Sunday, May 24, 2009

Tropes, why they work... or don't

In every genre there are those plot devices or character achetypes that always seem to aboud.  These tropes can shape the genre or shape the stereotypes that non-readers hold about the genre. This can be good and bad.  Obvisouly, if the trope weren't successful it would not continue to pop up over and over again. 

For us romance readers, these recurring elements (Alpha heroes, mistaken identity, fake engagements, plucky virgin heroines) are often what keep us reading.  Who doesn't love to read about a brooding Alpha hero with a mysterious secret who is unable to control the strong emotions he feels for the fiesty "on the shelf" (28 y/o) spinster?  We love it, but we know the genre chock full of tropes.  Secret baby? Character with fatal illness that can be cured by the supernatural love interest? Unrequited love? Friends to lovers?  Enemies to lovers? 

Good authors know how to take these standard elements and present them in a fresh way, or can twist them about, turning it on it's head.  They give us the tropes with a twist.  These are the authors who make us excited to read more.  It is unfortunate, though, that for every author who does this, there are coutless other who continue down the same old worn paths.  The rut in the road made by all the previous authors must be pretty damn deep.

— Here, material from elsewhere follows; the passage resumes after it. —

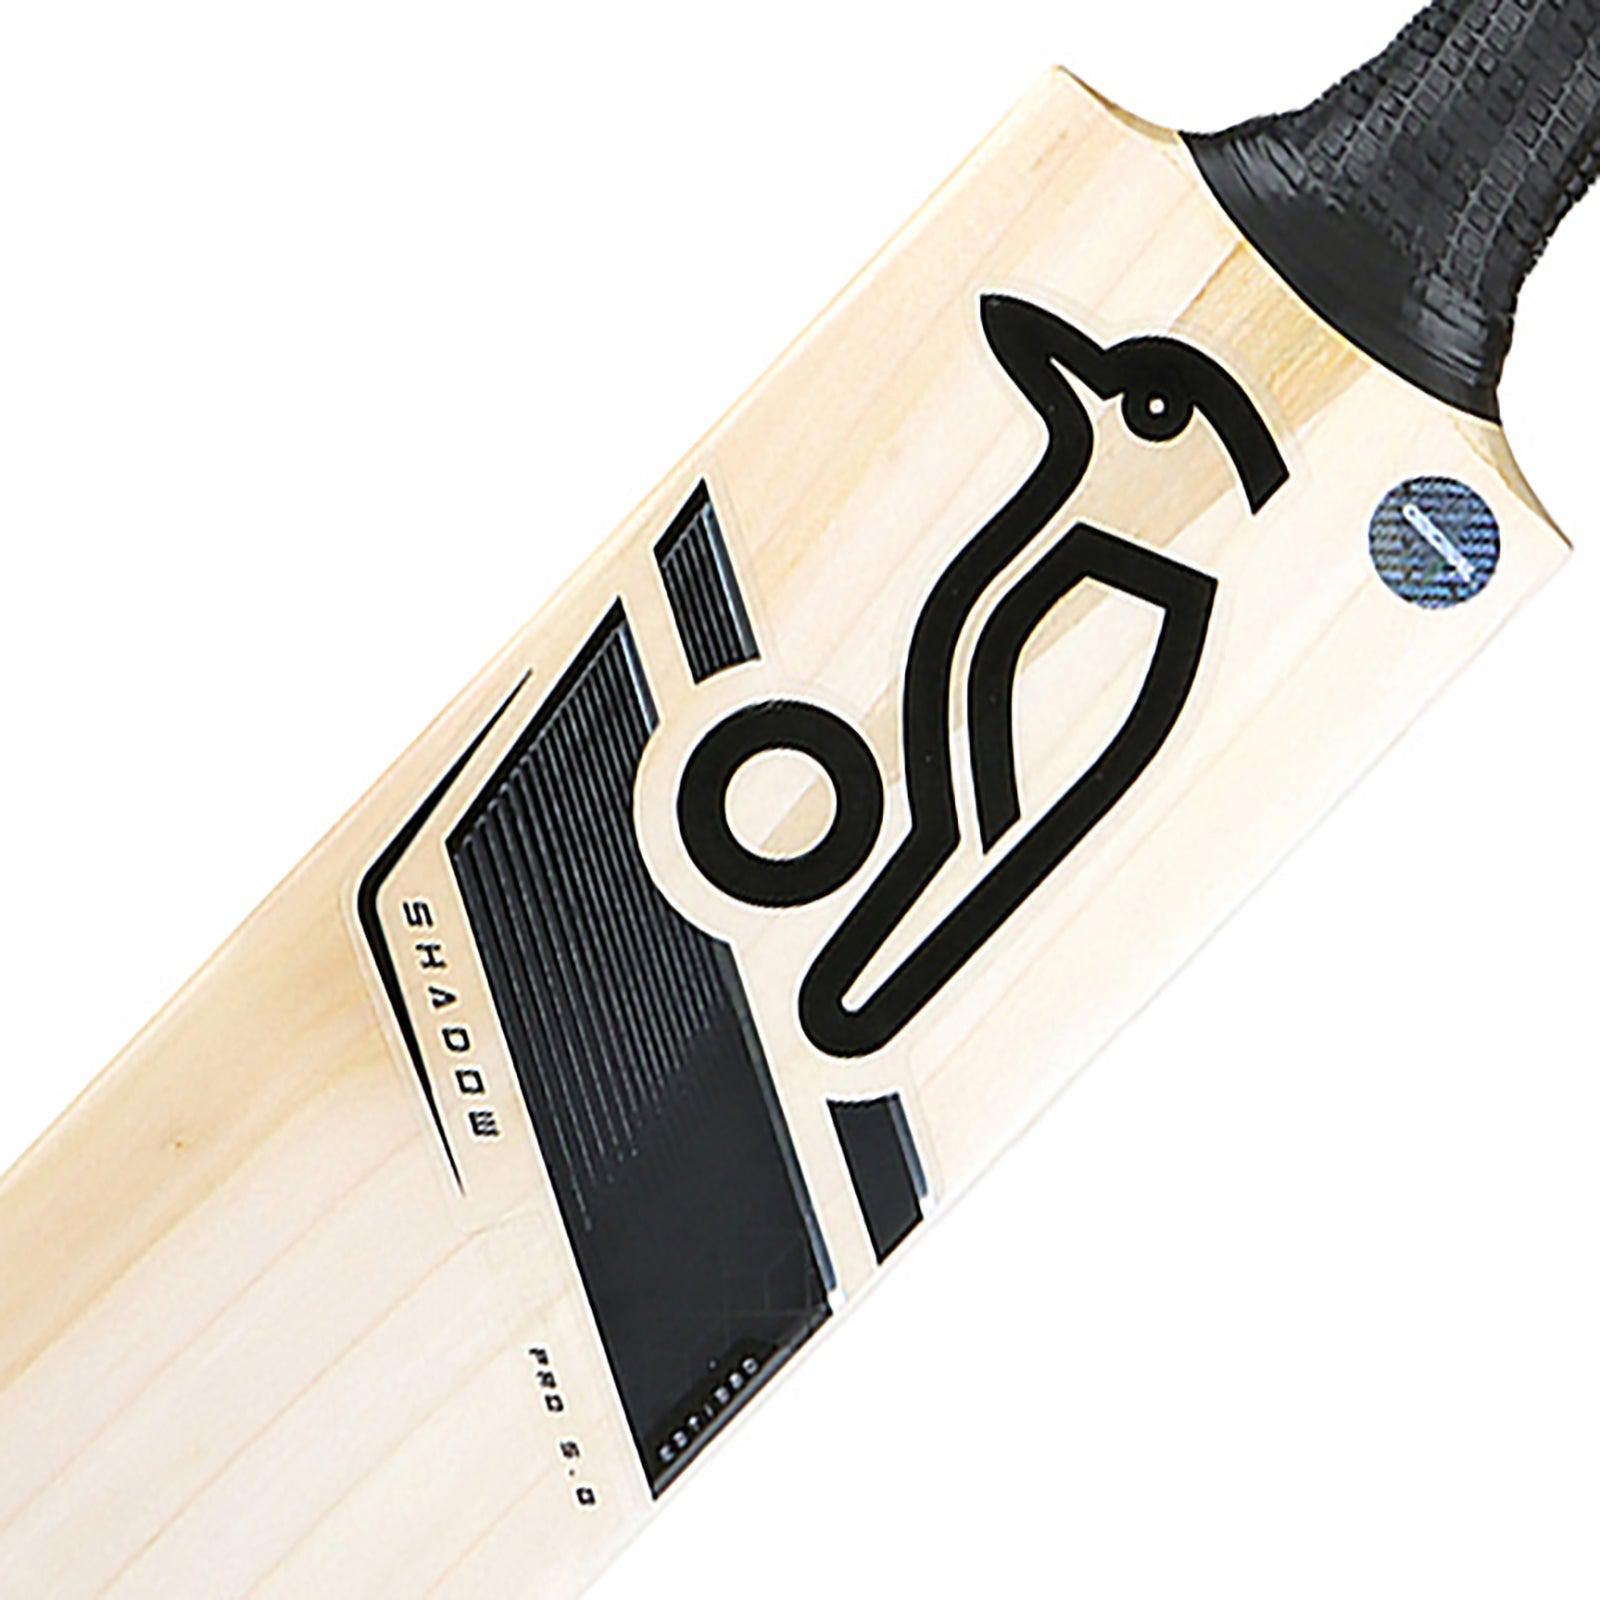 Kookaburra Shadow Pro 5.0 Cricket Bat - Senior

Recently I read a fantasy novel from a series where the whole point is to twist around the expected tropes.  While the writing was average, the story kept me going.  (The same way amazing writing can keep you reading an overdone plotline.) Mercedes Lackey has created the 700 Kingdoms, where The Tradition helps shape the ways of it's people.  There are those people who will fulfill the Cinderella tradition, there are the siblings lost in the woods tradition, good benvolent ruler and evil advisor traditions.  The Tradition pushes people along their destined path.  However, Ms. Lackey's characters defy tradition or turn it upside down.  The Cinderella characters's prince is a toddler? No problem, she becomes a Fairy Godmother.  In One Good Knight, she combines numerous fairy tale traditions, dicing and slipcing them as she went along, to create an interesting storyline.  The adventure and how the characters overcame the obstacles set in their way by enemies and The Tradition kept me turing pages.  While there was a bit of a romance, it is important to romance readers to remember this is a Fantasy novel.  The romance player 3rd or 4th fiddle to everything else.  As I said, not the best writing I have read by the author, but a fun twist on those tropes we all know so well.
What books or authors have taken the expected and turned them into the unexpected?  Who has managed to write a story using a tired plot line, but through spectacular writing turned it into a page turner?

2 comments:

Stacy~ said...

Although I'm not sure it would apply, I first thought of Julie Anne Long's "Like No Other Lover" because we have a spoiled, arrogant heroine in desperate need of a husband and a brainy, unremarkable hero who loves the ladies and is actually rather alpha. The story kept me turning the pages and wishing it would never end.

Hope you're having a great Memorial Day weekend :)

Little CJ said...

I know that Carolyn loves the fake engagement trope. And the brooding alpha trope. I'm sure she'd love this Mercedes Lackey. She loved how Sugar Daddy redid Cinderella. She is a bit dense.

Congrats on your award from Stacy, by the way. I'll be back.